As a concerned Christian parent, I am always pleased to hear when my child is being taught truth from the bible.
So I was extremely impressed when I was told by his Year 1 teacher at our church school that the Joker is studying RML. This course is well known to Anglican Evangelicals for providing excellent in-depth bible study at St Helen’s Church in the City of London.
Eventually my brain clicked, since we were talking about the Joker’s reading and writing, and I twigged that she was actually referring to his literacy programme (which is very good, by the way, synthetic phonics and all that). Hopefully once he’s completed his first RML, he’ll be ready for the other one.
Very holy! At our previous church RML stood for Retired Men’s Lunch so you can imagine my confusion when confronted with a St Helen’s Service!
Lucky child…RML literacy is very good. With all the information about synthetic phonics and the excellent programmes available there’s no reason for a single child to be left behind – and no need either for expensive ‘catch-up’ programmes. A century or so ago, children learned to read because they needed to read the bible and phonics teaching provided the logical base.

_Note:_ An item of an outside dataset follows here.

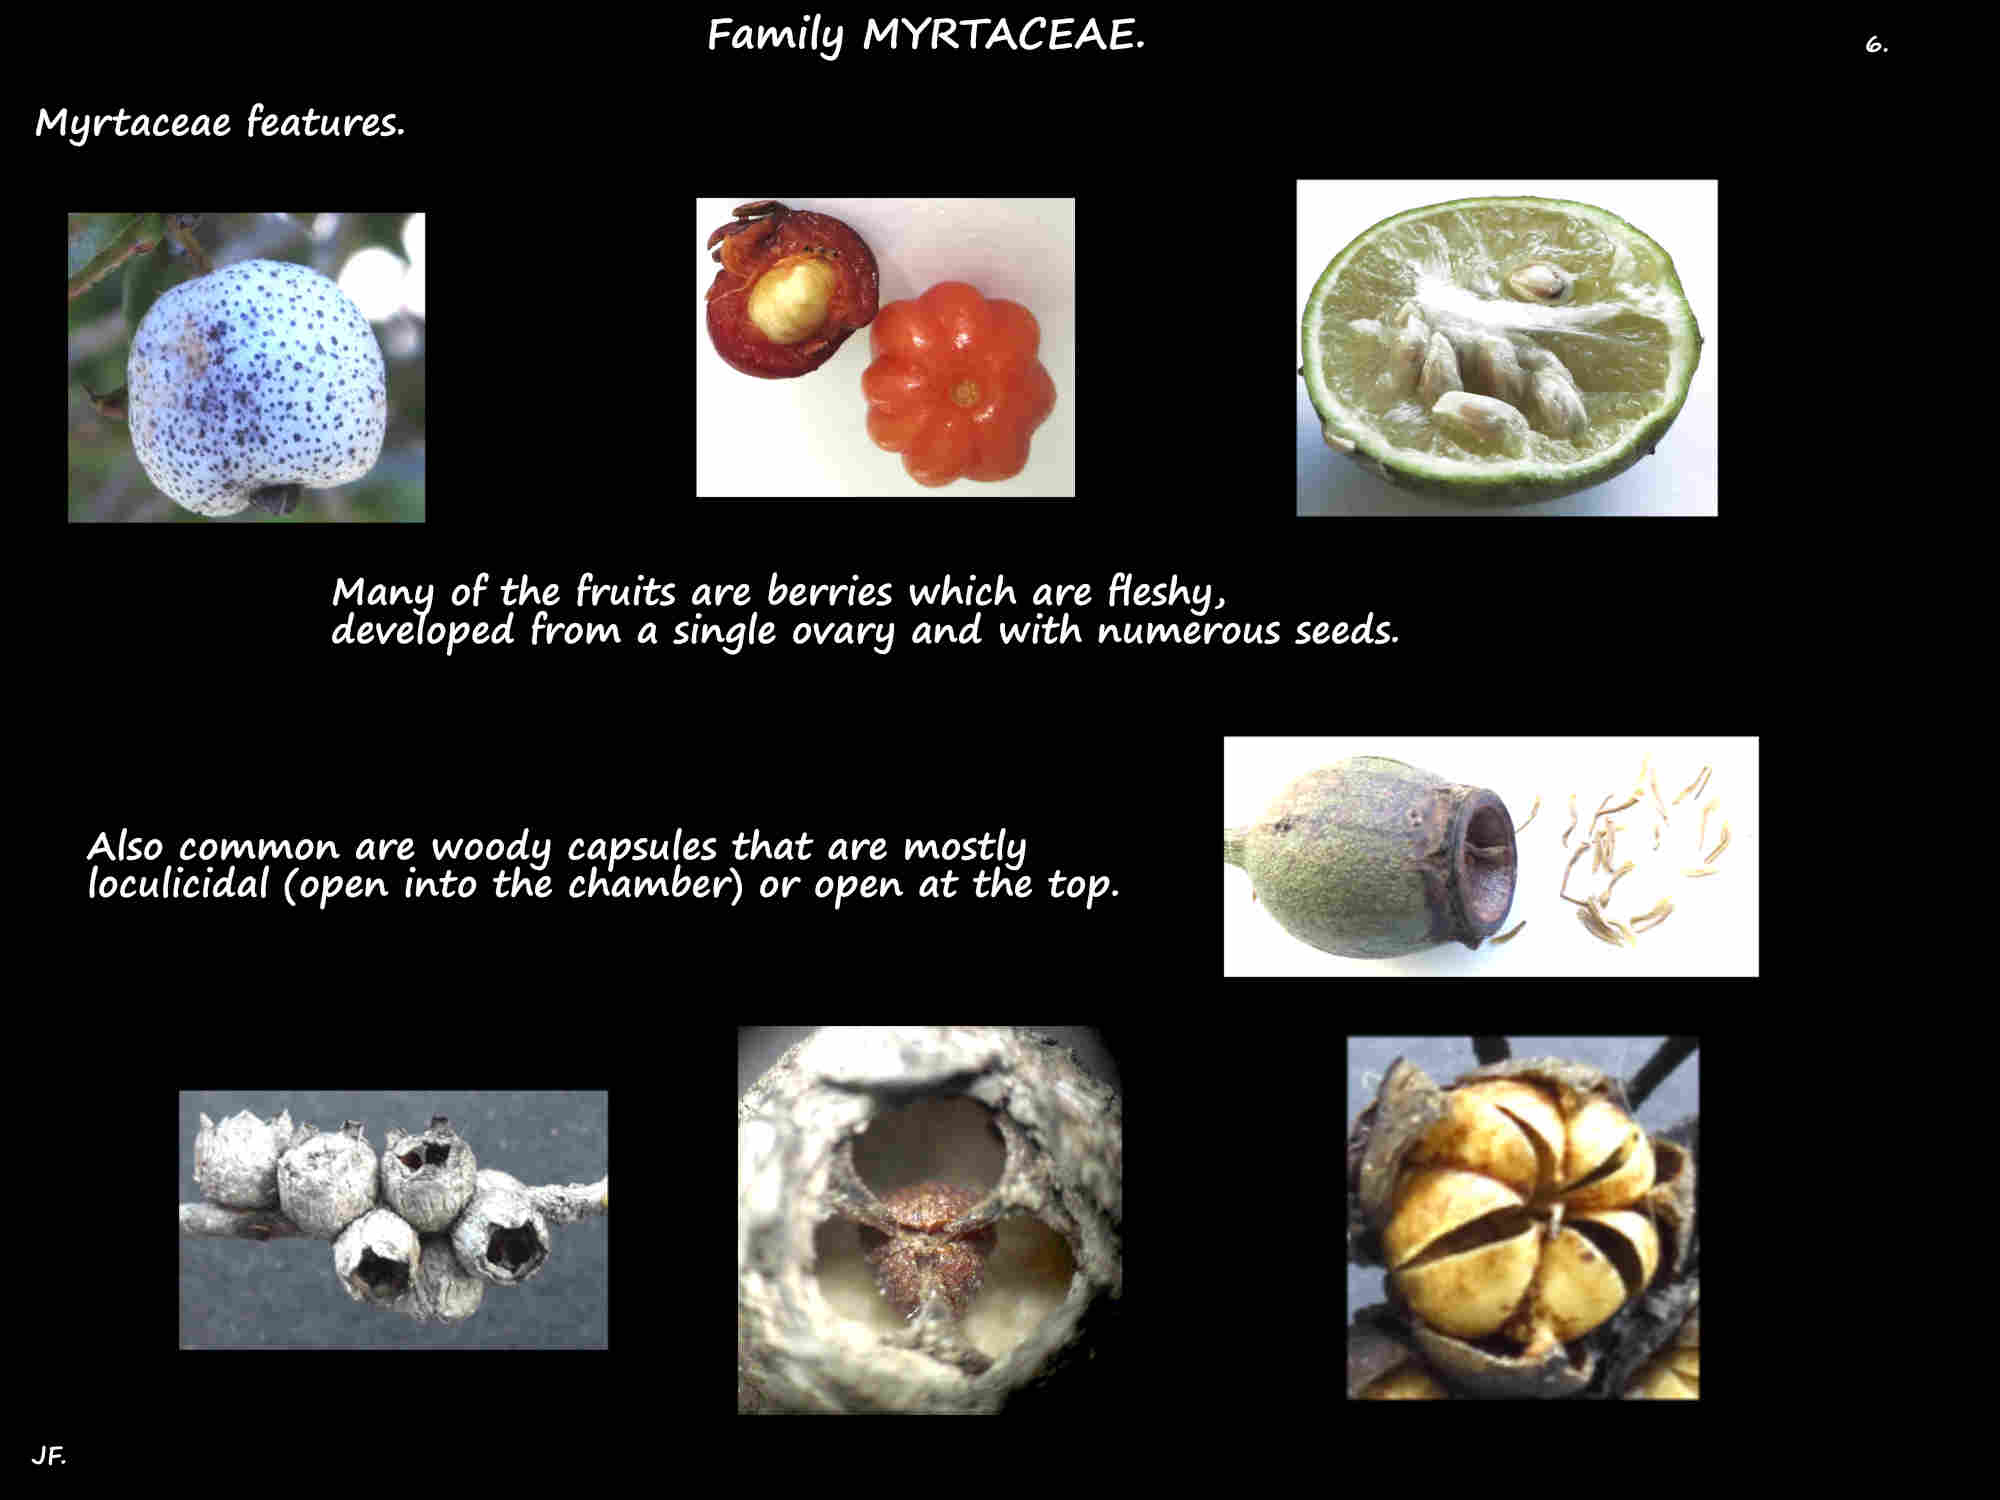 7 Myrtaceae berries & capsules

For parents with pre-school children who want to teach them to read in as unthreatening way as possible and for those whose children still struggle (and with good synthetic phonics accompanied by rigorous teaching this number should be less than 1%) have a look at my site, and particularly at the Case Studies in the research section. Learning to read is a basic human right and, for whatever reason, illiteracy is less common in most Church schools than in non-Church schools. Not quite sure why.
http://www.piperbooks.co.uk
Hi Geraldine, Welcome to the blog. Do you have a link for the data on illiteracy in church schools?